No ventre da Palavra / 6 – Depois do “não” do profeta e o silêncio, recomeça a sua história com Deus
por Luigino Bruni
Original italiano publicado em Avvenire em 25/03/2024
Por toda a cidade, os arautos da corte difundiram o decreto do rei que impunha três dias de jejum, vestes de saco e súplicas a Deus entre lágrimas para que revertesse a condenação. Ergueram os recém-nascidos ao céu e, derramando rios de lágrimas, invocaram: ‘em nome destes inocentes, escuta as nossas orações’
L. Ginzberg, As lendas dos hebreus, VI
“A palavra do Senhor foi dirigida pela segunda vez a Jonas, nestes termos: «Levanta-te e vai a Nínive, à grande cidade e apregoa nela o que Eu te ordenar». Jonas levantou-se e foi a Nínive, segundo a ordem do Senhor” (Jonas 3, 1-3). O livro de Jonas podia começar com estes primeiros versículos do capítulo 3, que são os versículos das histórias dos profetas que respondem ao chamamento de Deus e realizam a missão que lhe foi confiada. Os dois primeiros capítulos, pelo contrário, são o relato de um ‘não’ profético e das suas consequências. Páginas que, geralmente, não são escritas nem contadas, porque são as do tormento interior e exterior dos profetas (e nossos). São os rascunhos, as primeiras versões dos capítulos escritos, amarrotados e lançados ao lixo. No entanto, aquele antigo autor anónimo quis dar-nos também os dois primeiros capítulos. E talvez não o tenha feito apenas pela economia narrativa, apenas para enriquecer e embelezar a trama dramática da história. Os primeiros dois capítulos fizeram-nos entrar na oficina das vocações, nos laboratórios frequentemente empoeirados onde os artesãos e os artistas compõem as suas obras, nos estúdios desarrumados onde os escritores produzem os seus personagens (e onde, por vezes, os personagens geram os seus autores). A Bíblia levou-nos à ‘adega’ da casa de Deus, na intimidade do diálogo secreto entre Eloim e os seus profetas. Contou-nos isso com o seu código narrativo antigo, mas que ainda nos consegue falar – pelo menos um pouco, pelo menos a alguém. E, assim, compreendemos que a distância que separa os inícios do capítulo 3 e do capítulo 1 é o espaço das liberdades – da de Deus e da de Jonas. É o lugar do tempo e, por isso, da história porque naqueles dois primeiros capítulos o jovem e inexperiente profeta tornou-se adulto e isso aconteceu no único modo possível sobre a terra: procurando o seu lugar no mundo sem se contentar com o que a vida ou Deus tinham pensado para ele.
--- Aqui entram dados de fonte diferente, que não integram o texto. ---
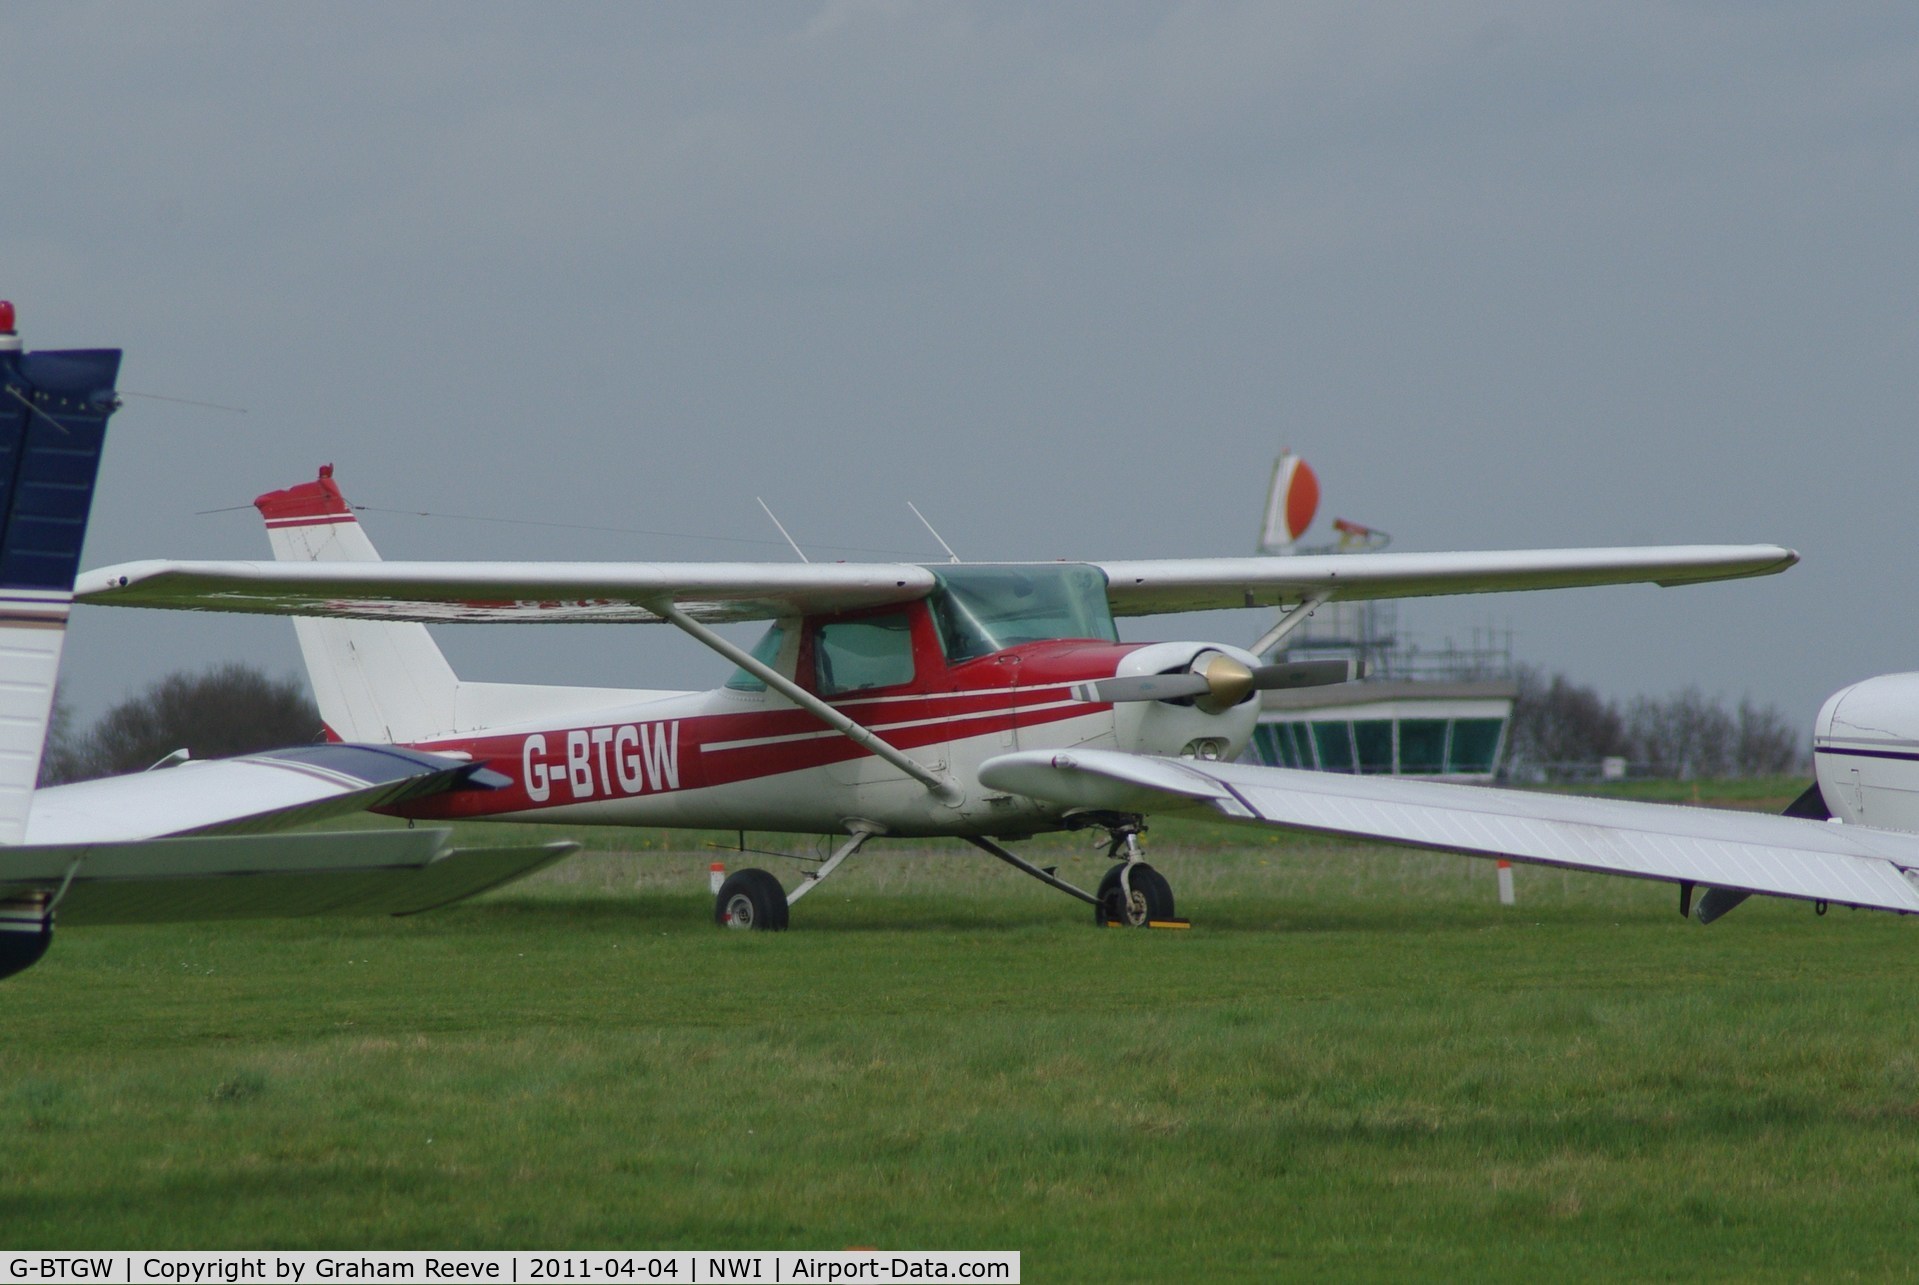 G-BTGW, 1979 Cessna 152 C/N 15279812, Hidden amongst other parked aircraft.

No espaço narrativo ético e espiritual dos dois primeiros capítulos, Jonas, de filho de Amitai, tornou-se Jonas profeta; antes, era um dos muitos profetas formados nas escolas proféticas do Norte; depois transformou-se em alguém que decidiu livremente ocupar o lugar que lhe tinha sido atribuído. E mesmo quando, no fim, se apercebe que os dois lugares eram apenas um só, aquele único lugar no mundo já não era o de antes: agora escolheu-o, disse sim a um destino que, naquele sim livre, se tornou uma partitura escrita e interpretada por Jonas juntamente com Deus. Toda a vocação é um encontro de dois sim, é um pacto entre duas gratuidades, um casamento de duas liberdades diferentes e iguais em dignidade.
Quem sabe se quando Jesus, no evangelho de Lucas, conta a parábola do Filho pródigo não pensava também em Jonas (citado várias vezes nos evangelhos). Jonas começa a sua história com o não, vai na direção oposta à direção boa de casa, acaba numa companhia errada, ali o apanha uma tempestade (carestia) e, chegado ao fundo da sua descida, do fundo da pocilga ‘levantou-se’, naqueles abismos inverte o curso da sua vida: e regressa. Enquanto Jonas partia YHWH não diz nenhuma palavra. Não o impede de começar a sua descida para Társis, deixou-lhe toda a liberdade e todos os custos de se tornar adulto. Como o pai do filho pródigo e, quando o filho regressa a casa, o Pai não lhe dirige nenhuma palavra de repreensão: apenas abraço, anel, sandálias, banquete. Como em Jonas: com o capítulo 3, a história entre Jonas e Deus recomeça sem nenhuma palavra de reprovação nem de desilusão por parte de YHWH. Dois silêncios antes e dois silêncios depois, porque o silêncio é a palavra mais bela nas partidas e nos regressos a casa. Na parábola de Lucas, as bolotas dos porcos não são menos importantes do que o vitelo gordo, porque o valor e o sentido dos banquetes de casa só se compreendem plenamente depois de ter invejado os porcos pelas suas bolotas. Assim como com Jonas.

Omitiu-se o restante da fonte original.